GIVEN DATA:
'''

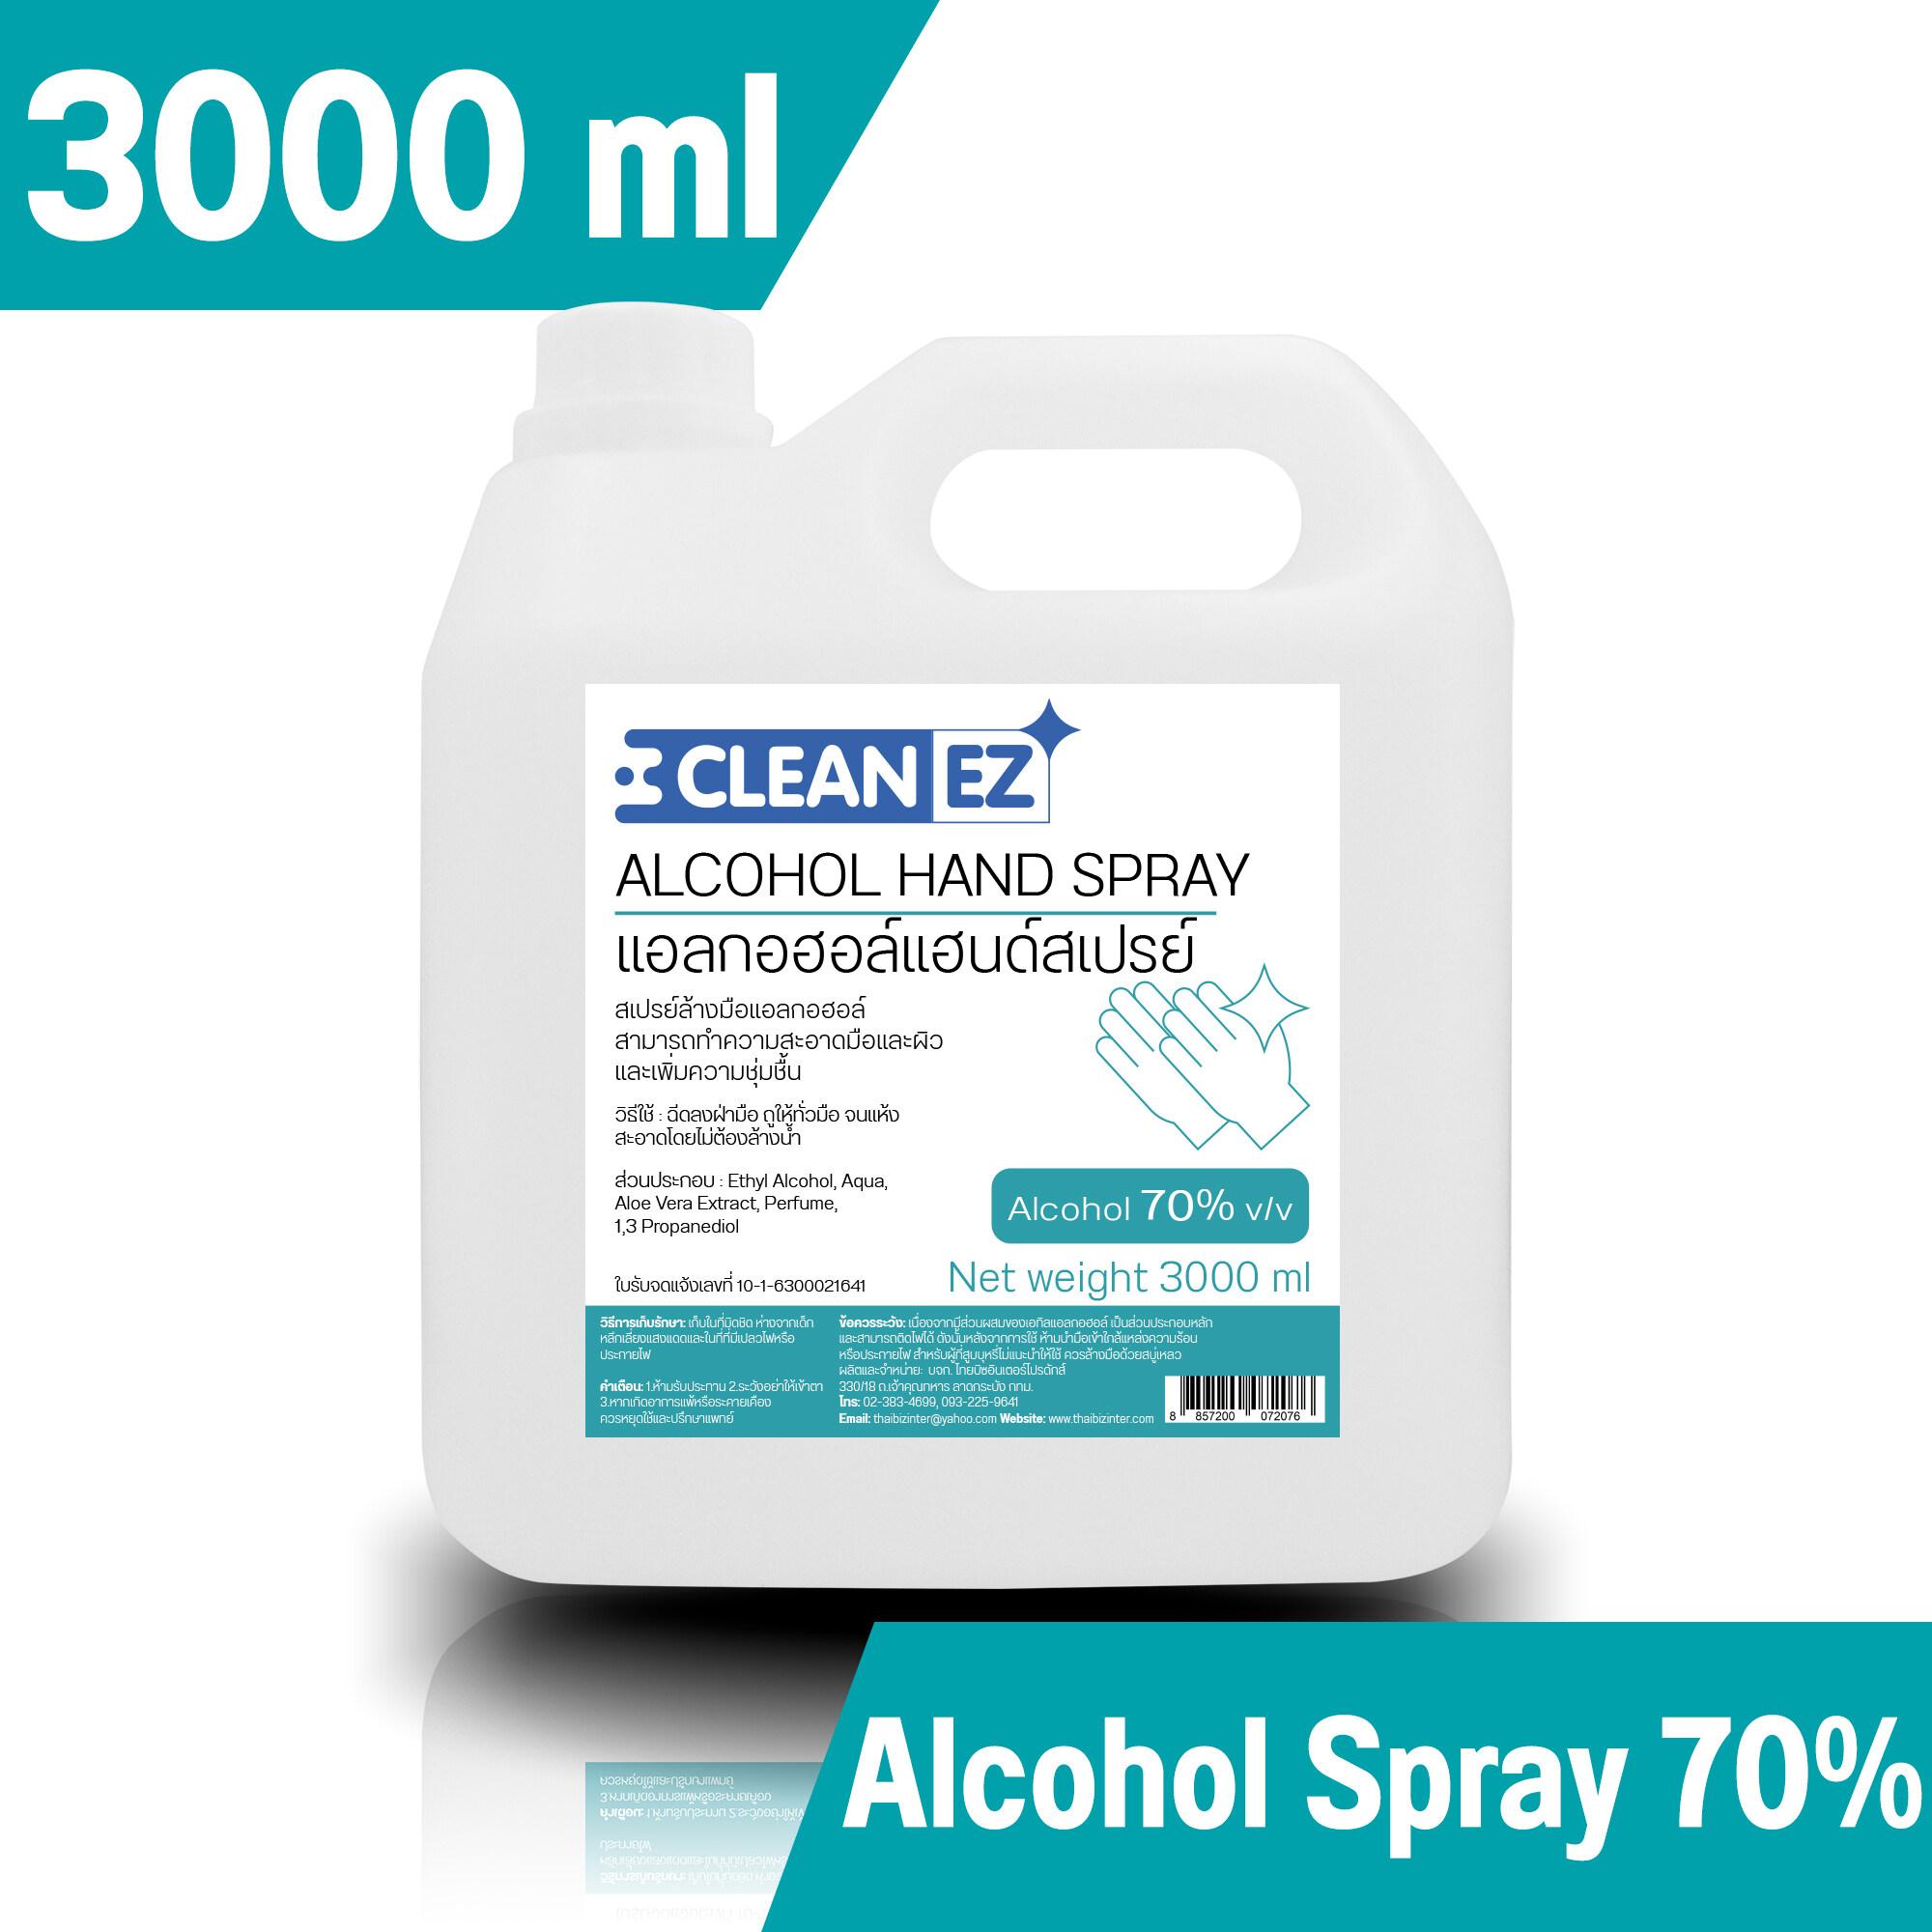 Clean Ez แอลกอฮอล์สเปรย์ 3000 มล. แอลกอฮอล์ 70% Alcohol Hand Spray 3000 Ml 3 ลิตร กำจัดเชื้อโรค แบคทีเรีย ไวรัส 99.99% ฆ่าเชื้อโรคได้ยาวนาน ทำความสะอาด.
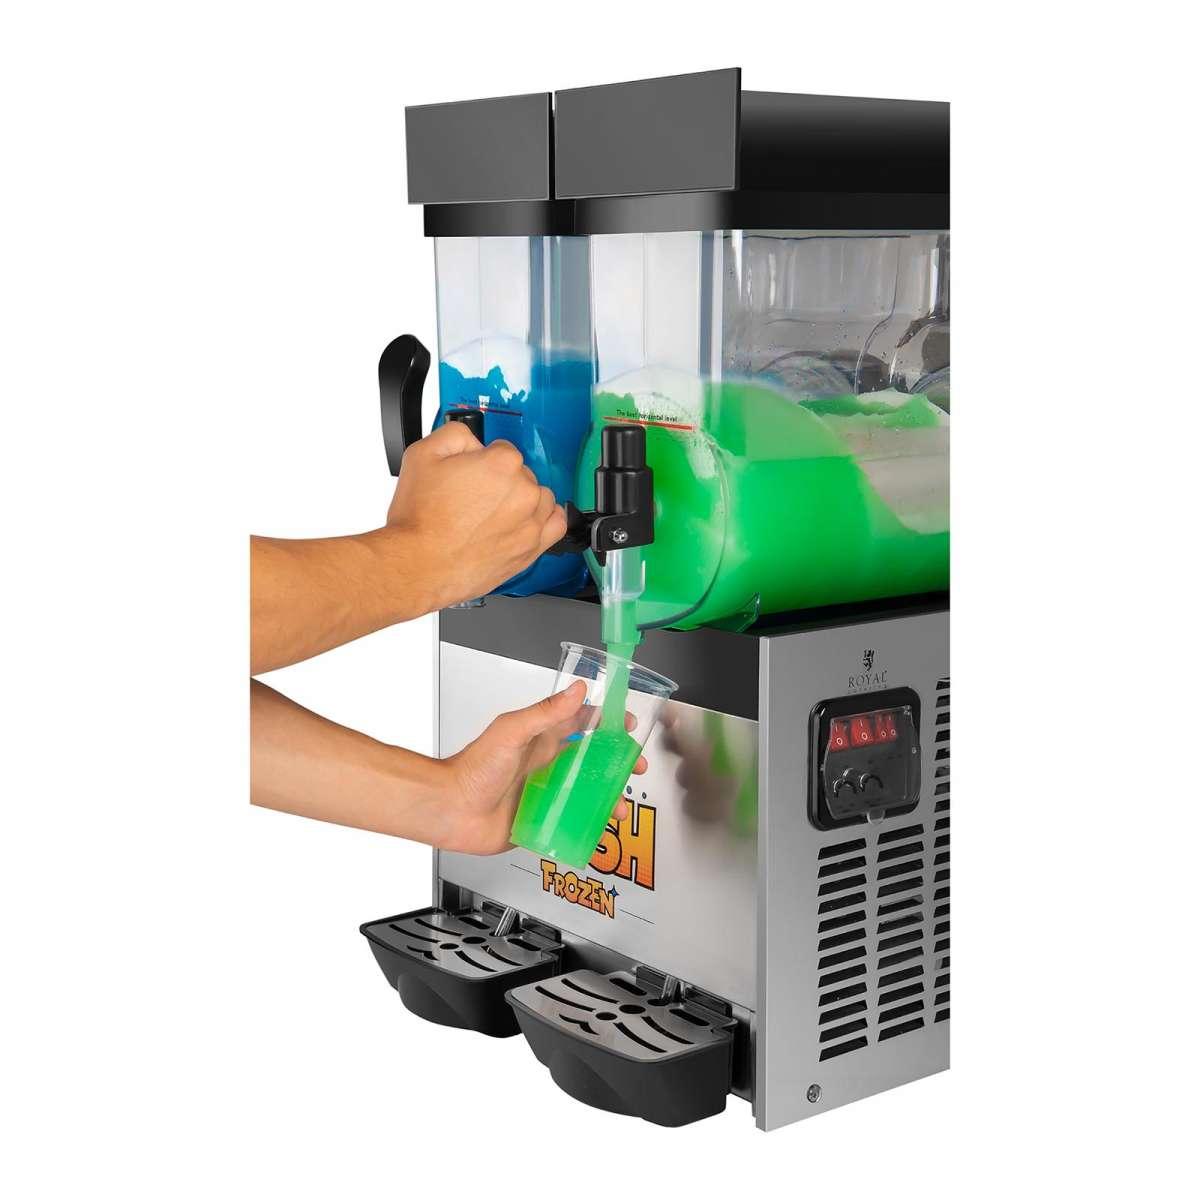 Slush Ice Maschine - Quelle www.expondo.de - Foodblog Topfgartenwelt
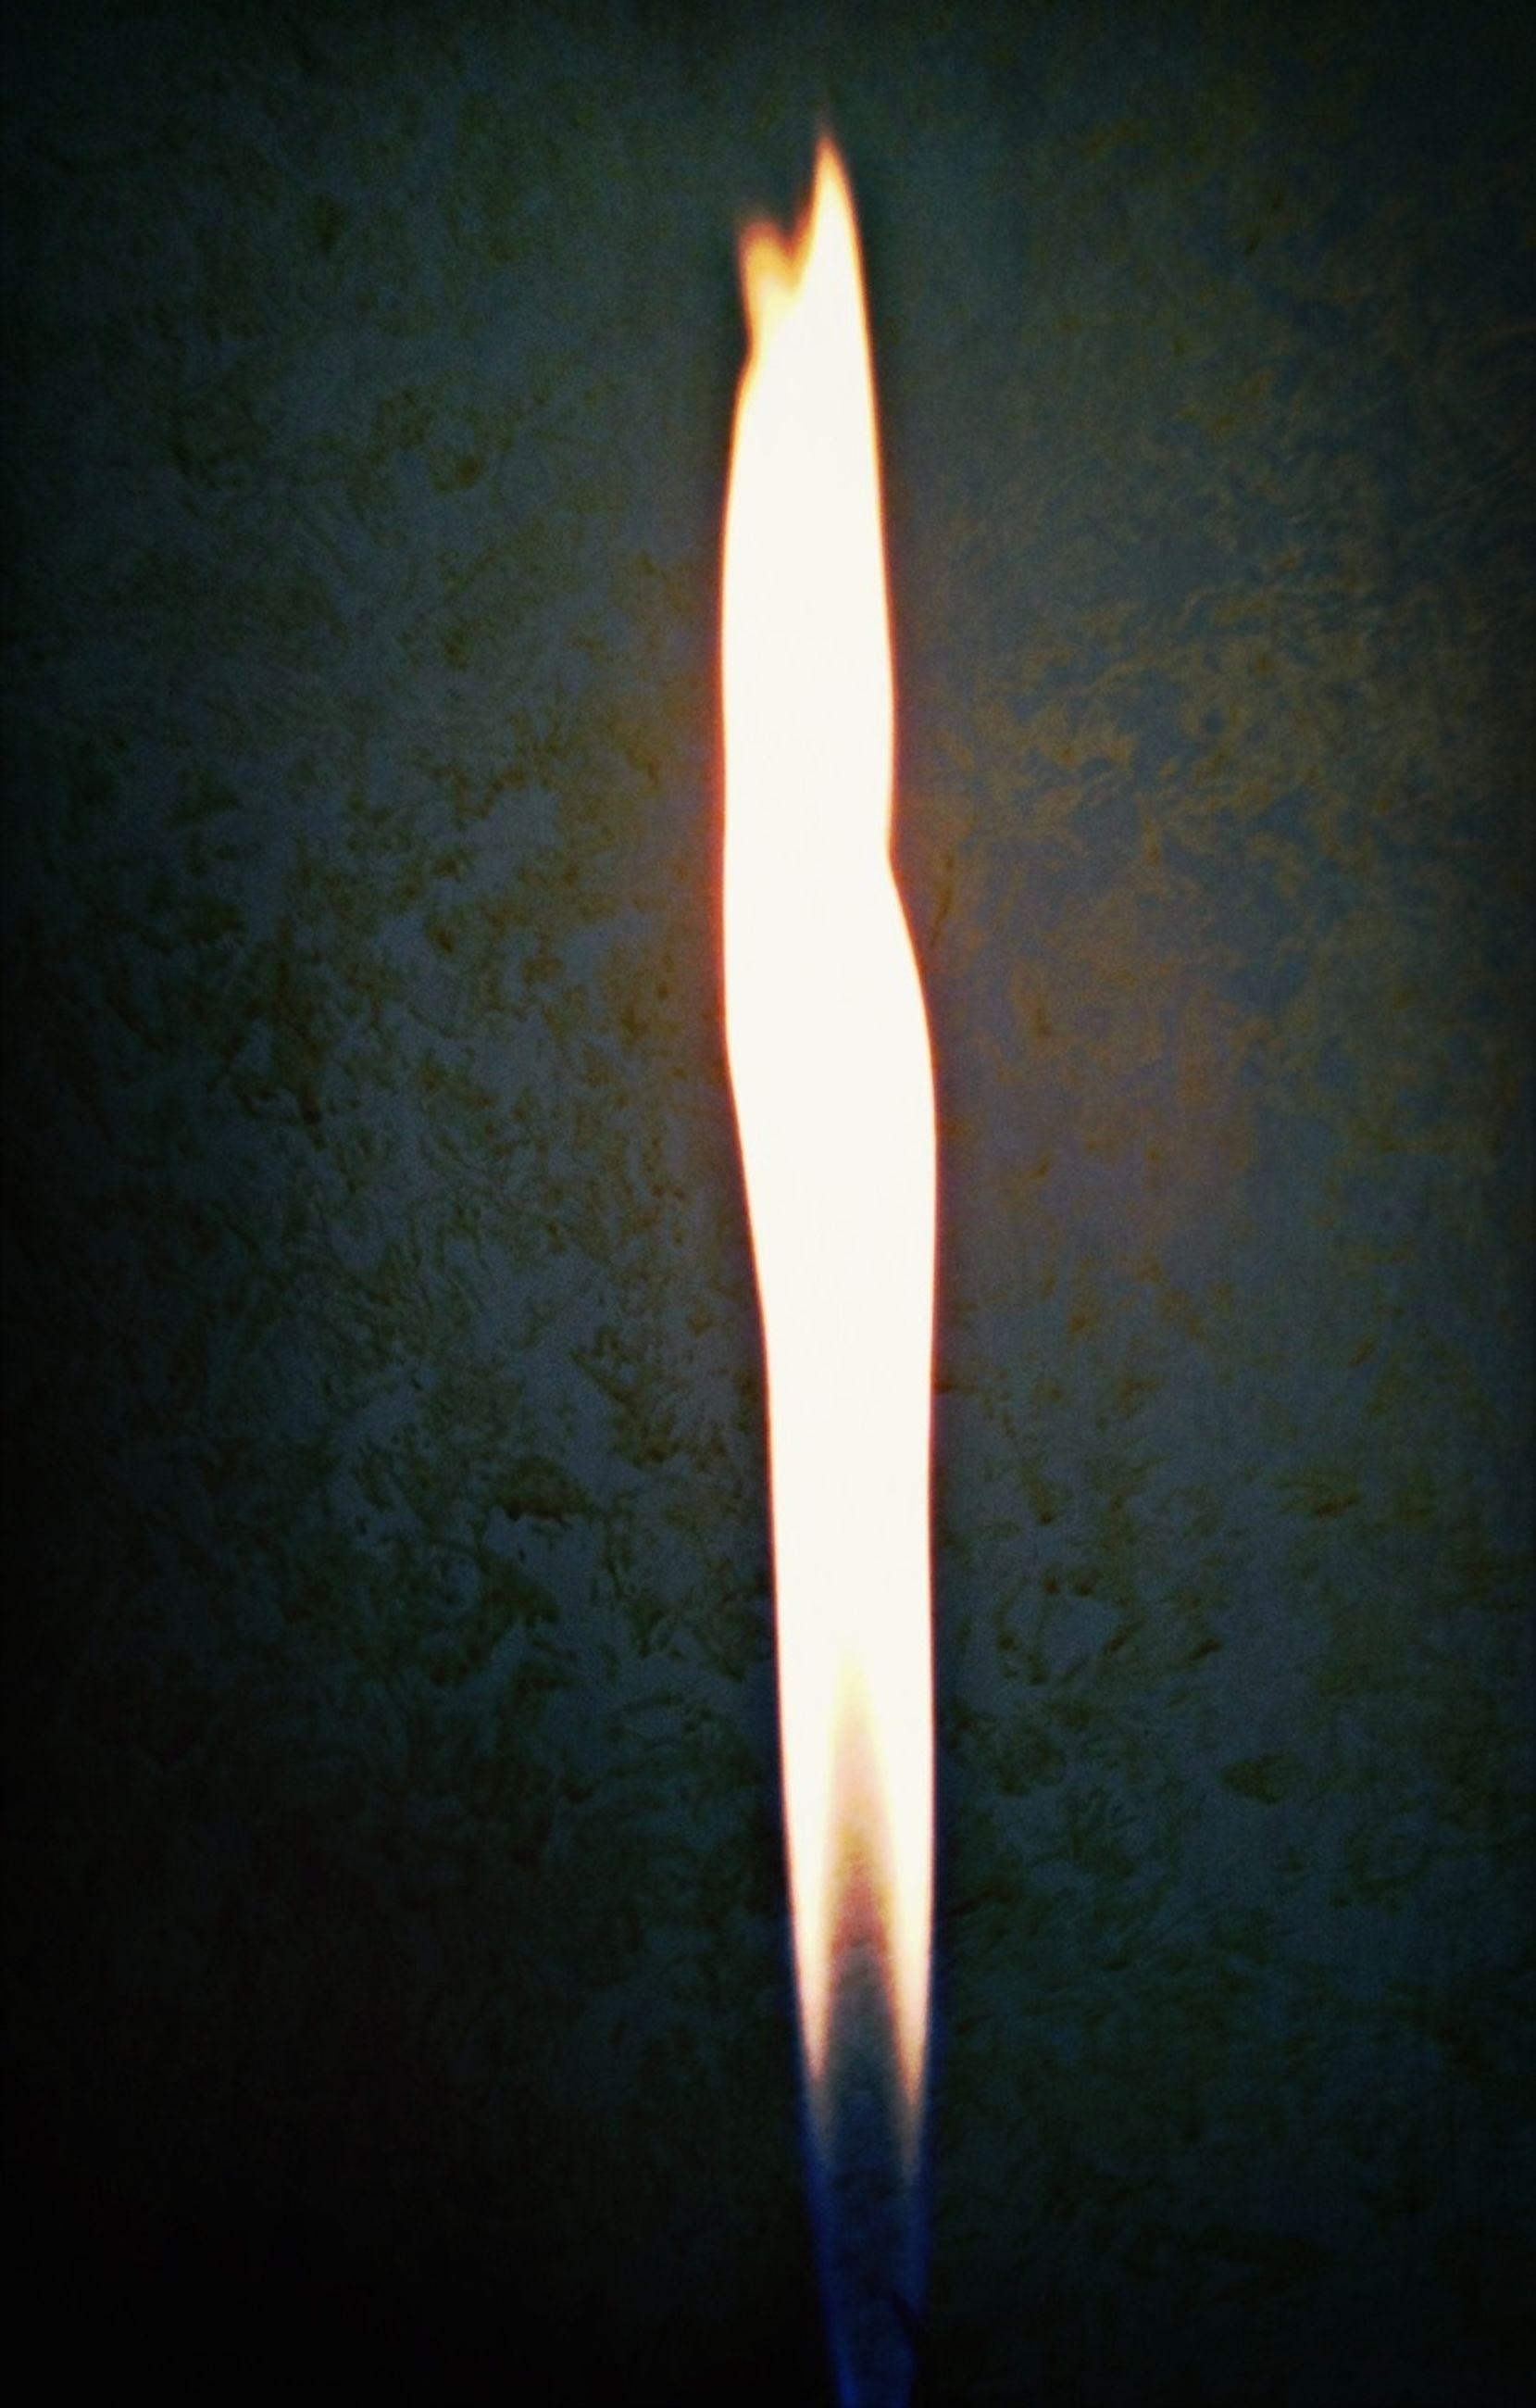 flame, burning, heat - temperature, fire - natural phenomenon, glowing, black background, close-up, indoors, studio shot, fire, night, dark, candle, copy space, heat, no people, lit, orange color, light - natural phenomenon, bonfire

'''

WORK ITEM: Starting at the line that holds "Slush Ice Maschine" and ending at the last line of the material above, repeat each line exactly, both ends included, and leave the pictures out.

TASK RESPONSE:
 Slush Ice Maschine - Quelle www.expondo.de - Foodblog Topfgartenwelt
 flame, burning, heat - temperature, fire - natural phenomenon, glowing, black background, close-up, indoors, studio shot, fire, night, dark, candle, copy space, heat, no people, lit, orange color, light - natural phenomenon, bonfire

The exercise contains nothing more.